Para que a segurança de acolhida seja afiançada na ótica da garantia de direitos, é importante que o/a profissional reconheça o/a usuário/a como ser social e histórico, por isto, em constante transformação. É essencial que os/as profissionais considerem a contradição presente em todos os fenômenos e processos sociais; e, a totalidade, sendo capazes de realizar as devidas mediações entre universalidade, particularidade e singularidade. Além disto, o respeito e a adoção dos valores do projeto ético-político do Serviço Social é fundamental. No entanto, pelo fato de muitas vezes o/a assistente social ser chamado a responder a demandas apresentadas pelos/as gestores/as e pelo grande capital – antagônicas ao convencionado neste projeto – esse/a profissional é desafiado cotidianamente a adotar distintas estratégias para que consiga se posicionar na luta pela defesa de valores como liberdade, cidadania, democracia, igualdade, participação, dentre outros que se afinam com o projeto hegemônico da categoria.

Quanto à compreensão e sentimento das usuárias em relação à segurança de acolhida, é possível verificar que dentre as usuárias participantes da pesquisa, 100% delas encontram-se satisfeitas com a garantia da referida segurança.

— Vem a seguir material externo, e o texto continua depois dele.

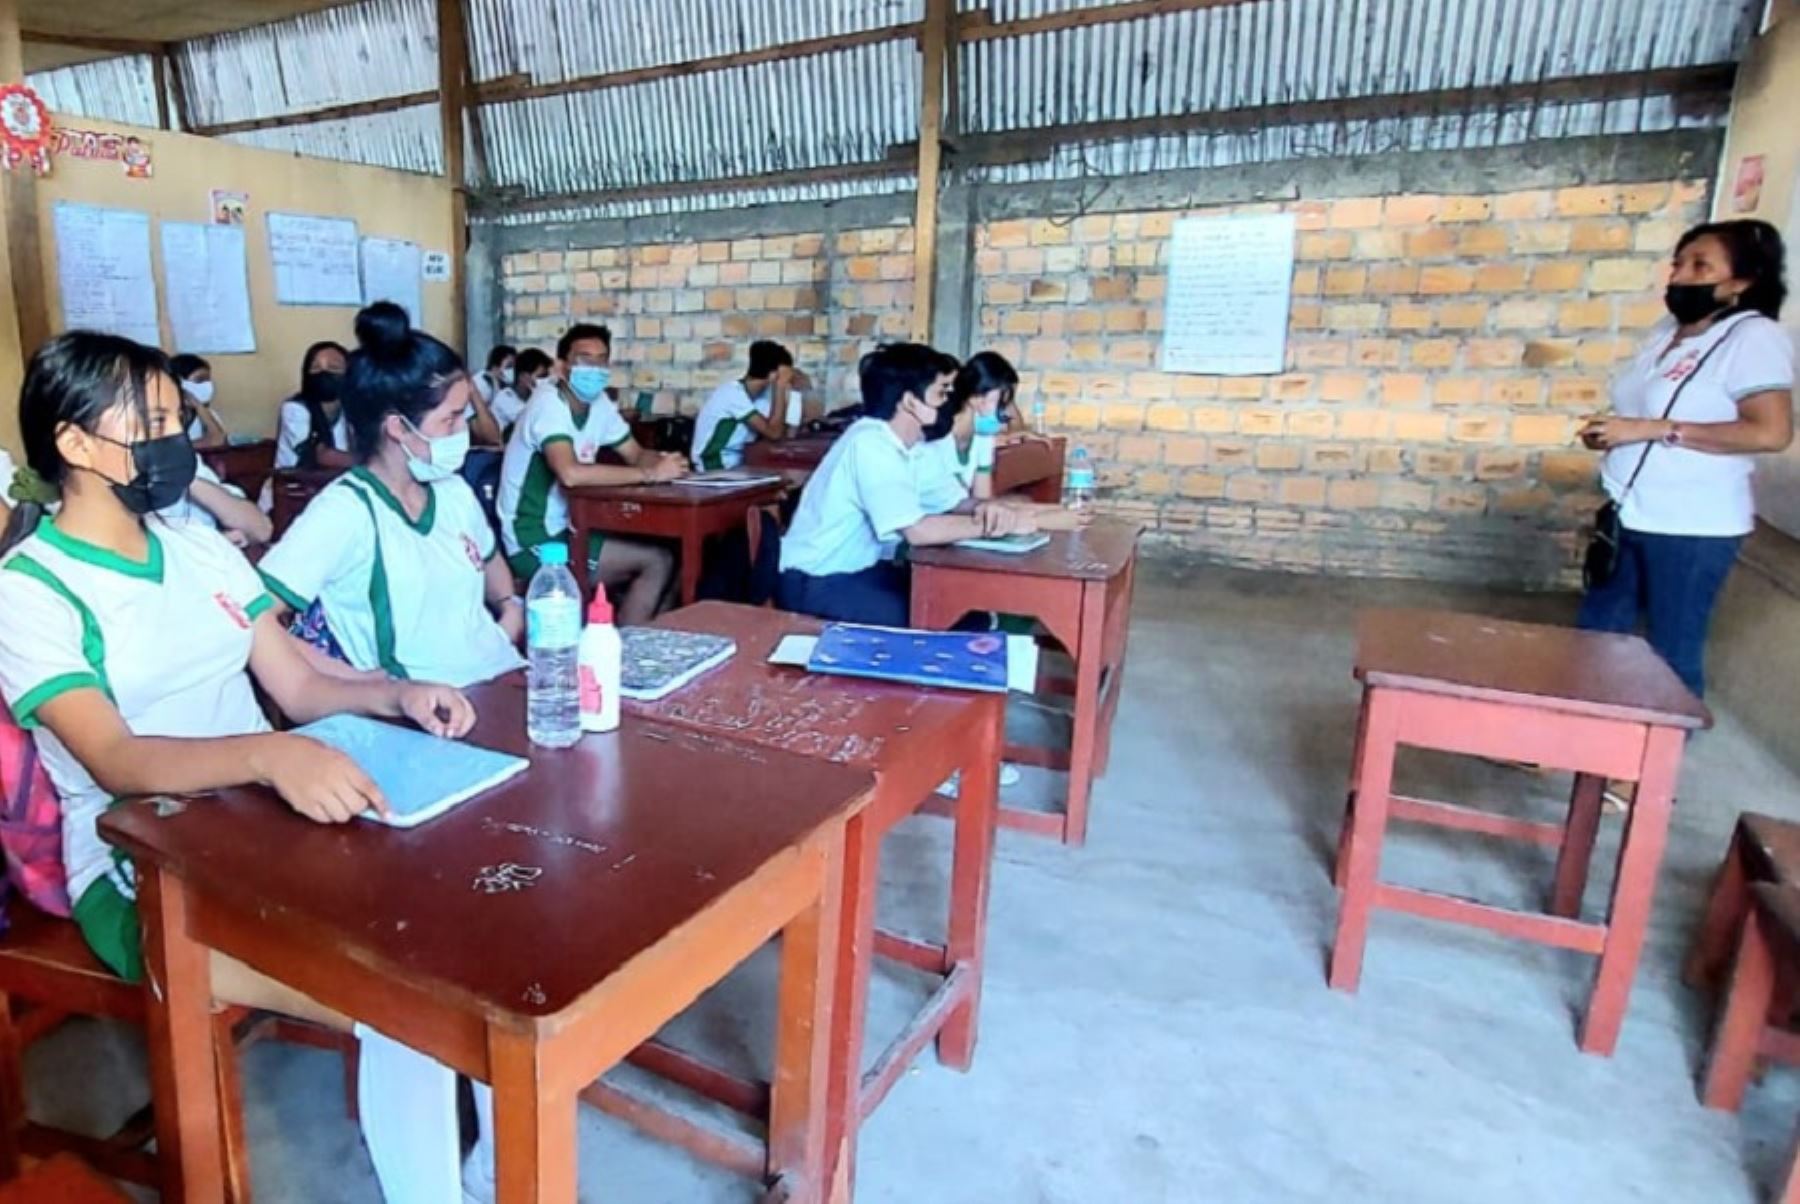 Varios centros educativos de la ciudad de Iquitos han suspendido temporalmente las clases presenciales debido a que alumnos y docentes dieron positivo a la nueva variante del covid-19, informó la Dirección Regional de Educación de Loreto.
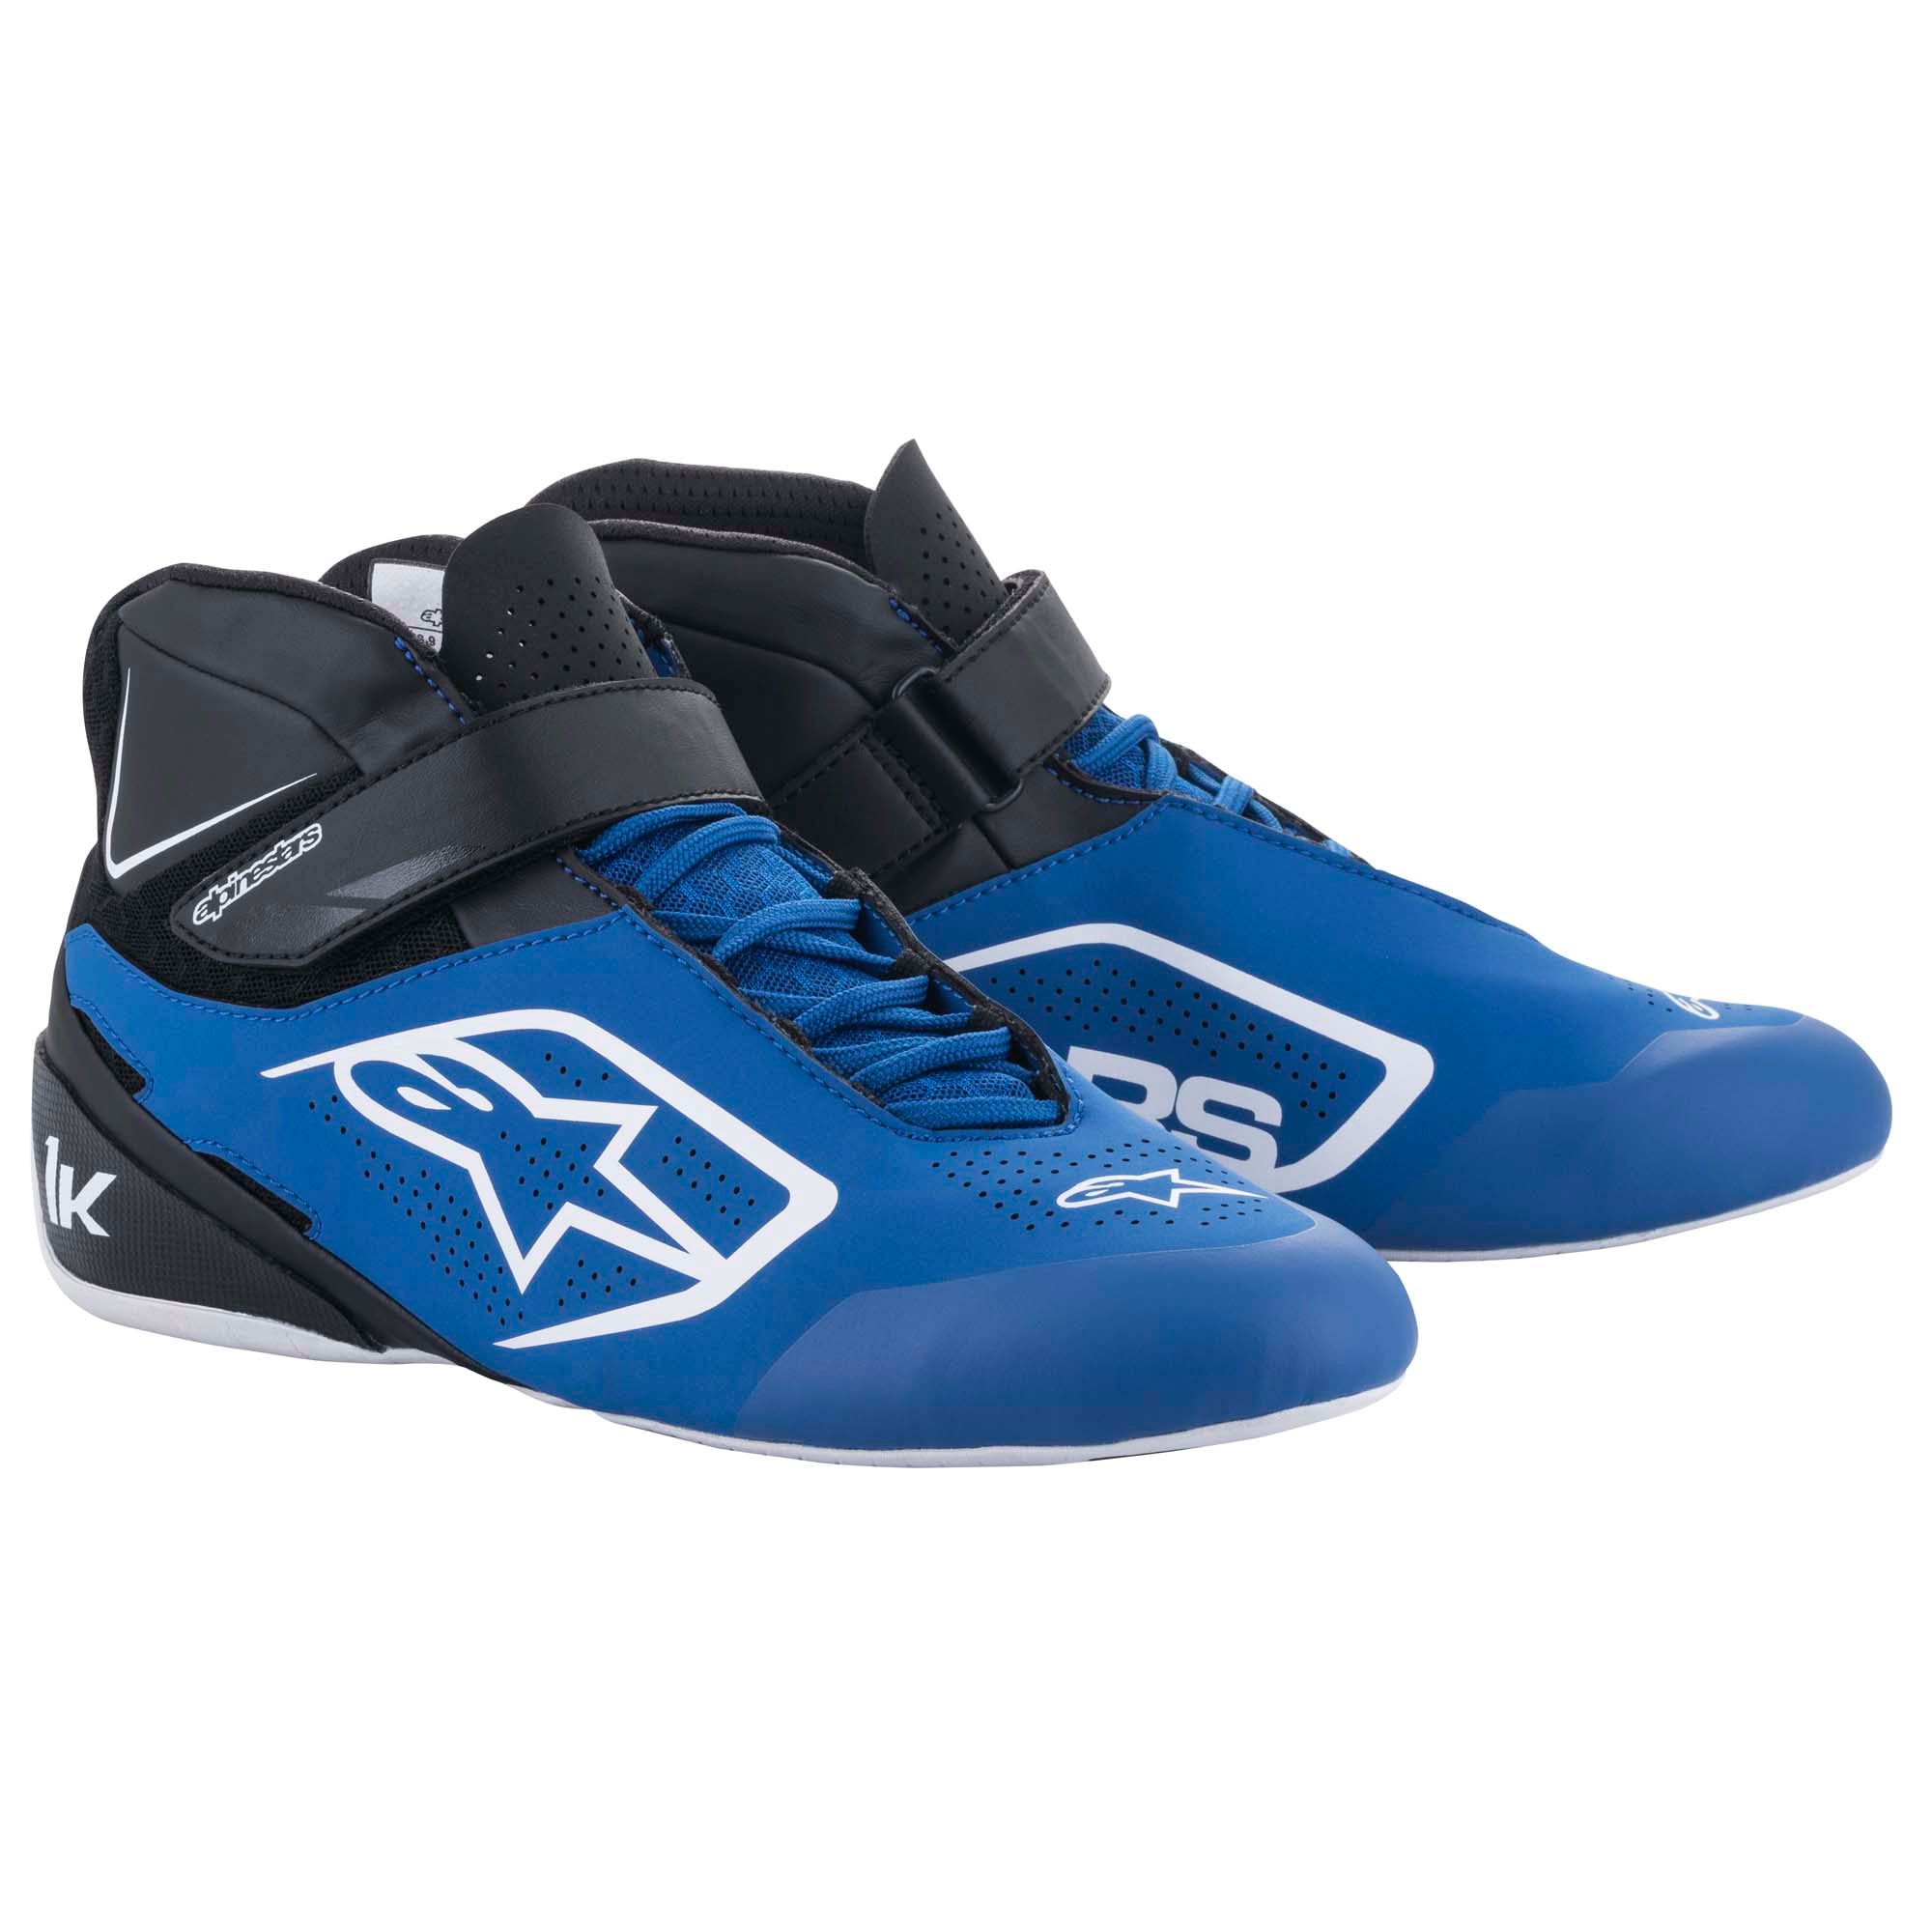 Alpinestars Tech 1-K v2 Karting Shoes - Youth Sizes

Para as usuárias, a segurança de acolhida é definida por meio da construção de relações respeitosas, com a construção de vínculos de

confiança (8 de 15 usuárias), tendo grande importância a garantia do sigilo profissional; o acesso à informação e orientação (3 usuárias); sendo essencial o diálogo (9 de 15 usuárias), a partir da escuta atenta e sensível; o que desperta o sentimento de valorização e reconhecimento enquanto sujeitos de direitos, e pode ser observado por meio das seguintes falas:

[...] eles não faltam com respeito comigo! São educados! Me senti mais aliviada, quando a gente conversa com os outros (U7, 2012).

Me senti assim, bem acolhida, muito a vontade, [...] fui bem recebida! (U11, 2012). [...] bem acolhida [...] porque a gente conversa, tem a explicação da pergunta que a gente faz, fica tudo... tudo acertado, a gente tem as respostas pelo que a gente pergunta [...] (U9, 2012).

Me sinto bem aqui, cada vez que eu venho aqui, com as conversas, pela ajuda que eu tenho, [...] pelas pessoas que tem aqui, me sinto bem. Sou bem atendida aqui, eu e meu filho! (U10, 2012)

Sempre que eu precisei ligar para saber alguma informação, a Assistente Social35... sempre foi bem tranquilo, se ela não estava eu deixava recado e ela retornava, [...] não houve descaso em nenhum momento que a gente precisou conversar. [...] Meu contato é sempre com a Assistente Social. [...] Eu sempre fui muito questionadora, e sempre saí de lá muito satisfeita. [...] o sigilo, a gente pode ter confiança, [...]. Que é segurança, dá uma sensação de acolhida, que é o que tu precisa naquele momento de fragilidade (U1, 2011). A gente é sempre muito bem atendida! [...] O atendimento é muito bom! (U13, 2011). Eu me sinto bem a vontade lá, [...] me senti bem a vontade para falar. [...] A gente se abre, tem confiança [...] para contar as coisas, [...] A gente tem uma confiança, [...] é bom ter uma confiança em alguém. [...] Eu acho que o apoio é isso: é falar e ser escutada! A gente sente uma segurança, que a pessoa está ouvindo a gente e que vai guardar sigilo! (U15, 2012).

Eu acho bom, porque eu quero ser respeitada! [...] Eles [profissionais do CREAS] me visitam, me apoiam! [...] Conversam comigo, perguntam como é que eu estou, perguntam se eu estou sendo judiada, como que eu me sinto! (U16, 2012).

Salienta-se que os serviços prestados pela equipe dos CREAS têm possibilitado a caracterização destes Centros de Referência como um ambiente acolhedor, favorecedor do diálogo e da escuta, já que, como percebido pelas usuárias, o acolhimento também significa o respeito às decisões das usuárias. Importa lembrar que respeitar democraticamente as decisões dos/as usuários/as, mesmo que estas sejam contrárias aos valores e crenças dos/as profissionais,

35 Substituiu-se o nome da profissional citado pela usuária pela informação de sua formação, para fins de desidentificação do sujeito de pesquisa e identificação da categoria que constitui.

constitui um dever do/a assistente social, previsto através de seu Código de Ética, por meio da alínea b do Art. 5º (CONSELHO FEDERAL DE SERVIÇO SOCIAL, 2008).